Data Loader Plugin Boilerplate

Contents

Data Loader Plugin Boilerplate#

This is a template file for a Data Loader Plugin.

See Data Loader Plugin Reference for the class reference, and Data Loader Command Line Interface Tool Tutorial for a generic introduction.

Template#

"""
Dataloader Plugin Example - Fake post data
"""

import hashlib
import logging
import requests

from squirro.dataloader.data_source import DataSource

log = logging.getLogger(__name__)


class ExampleSource(DataSource):
    """
    An Example data loader Plugin
    """

    def __init__(self):
        pass

    def connect(self, inc_column=None, max_inc_value=None):
        """Connect to the source"""
        # Nothing to do
        pass

    def disconnect(self):
        """Disconnect from the source."""
        # Nothing to do
        pass

    def getDataBatch(self, batch_size):
        """
        Generator - Get data from source on batches.

        :returns a list of dictionaries
        """

        rows = []

        for row in self.get_example_posts():
            # Emit a `row` here that's flat dictionary.

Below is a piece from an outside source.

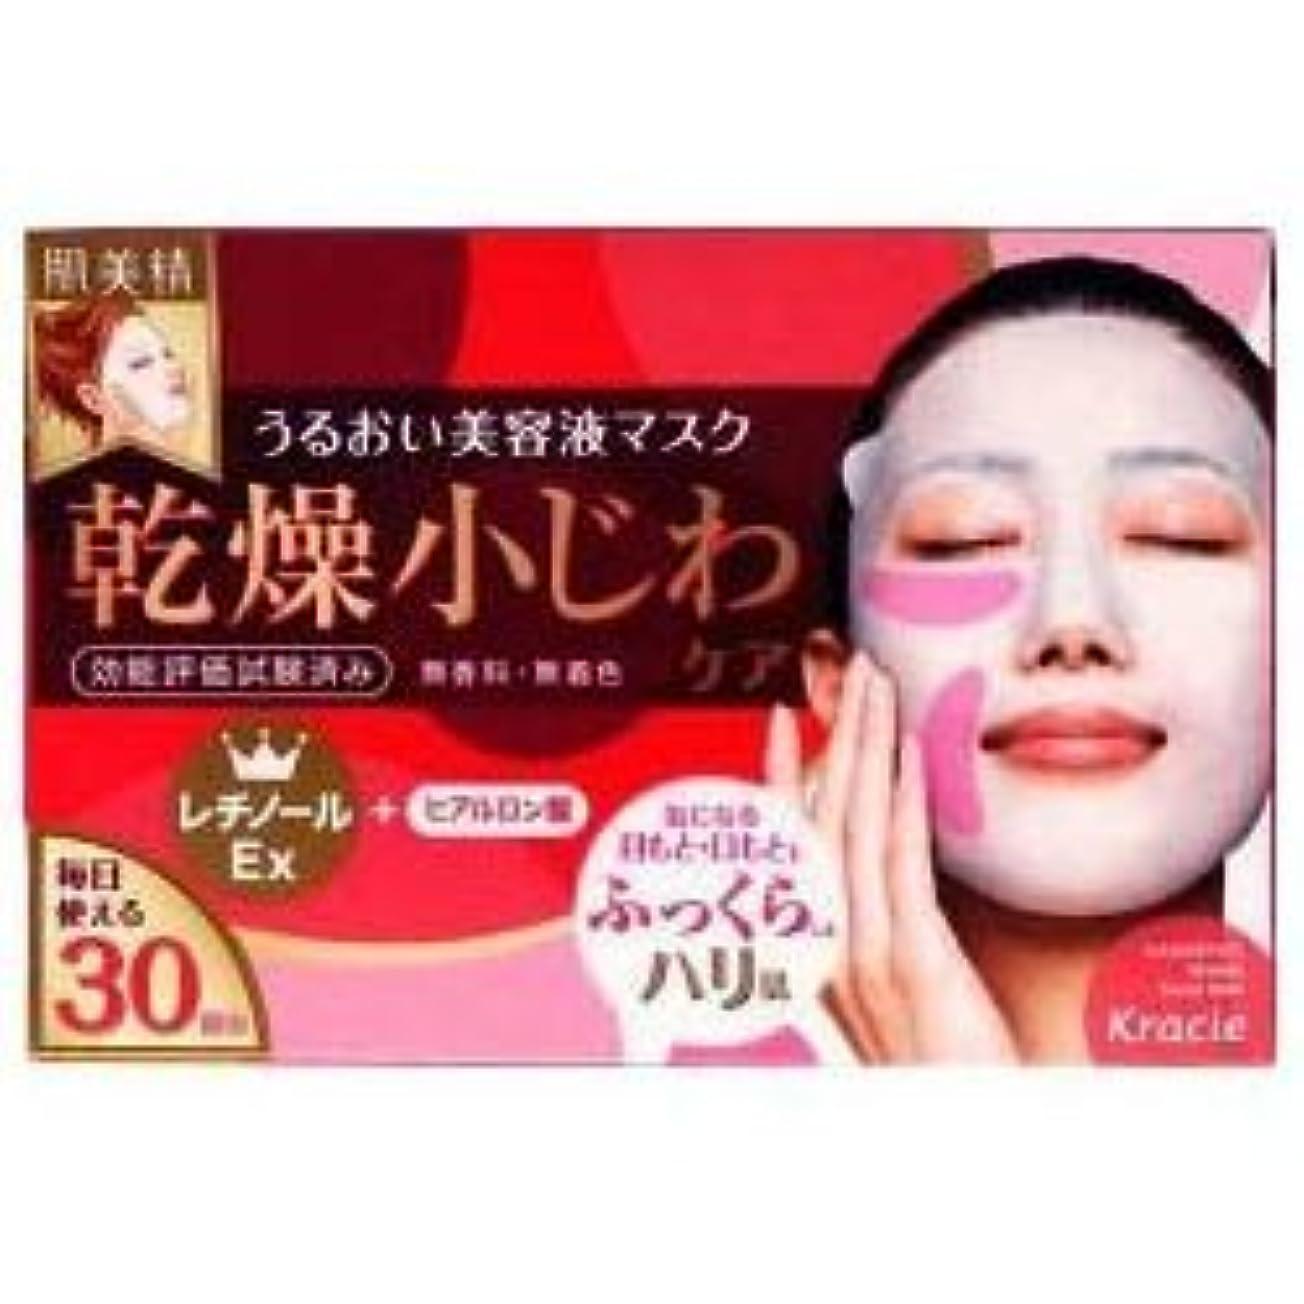 スカープ急いで誰が【クラシエ】肌美精 デイリーリンクルケア美容液マスク 30枚 ×5個セット

If that's not the case
            # yet, transform it here.
            # But do not return a Squirro item - that's the job of the data
            # loader configuration (labels and mapping).
            rows.append(row)
            if len(rows) >= batch_size:
                yield rows
                rows = []

        if rows:
            yield rows

    def get_example_posts(self):
        """Get some fake example posts from an API endpoint"""

        number_of_posts = self.args.number_of_posts

        for post_number in range(1, number_of_posts + 1):
            post_url = 'http://jsonplaceholder.typicode.com/posts/{number}'.format(number=post_number)
            response = requests.get(post_url)
            post_content = response.json()

            yield post_content

    def getSchema(self):
        """
        Return the schema of the dataset
        :returns a List containing the names of the columns retrieved from the
        source
        """

        schema = [
            'userId',
            'id',
            'title',
            'body'
        ]

        return schema

    def getJobId(self):
        """
        Return a unique string for each different select
        :returns a string
        """
        # Generate a stable id that changes with the main parameters
        m = hashlib.sha256()
        m.update(str(self.args.number_of_posts).encode('utf-8'))
        job_id = m.hexdigest()
        log.debug("Job ID: %s", job_id)
        return job_id

    def getArguments(self):
        """
        Get arguments required by the plugin
        """

        return [
            {
                "name": "number_of_posts",
                "help": "number of fake posts to load, max of 100",
                "required": False,
                "default": 100,
                "type": "int",
            }
        ]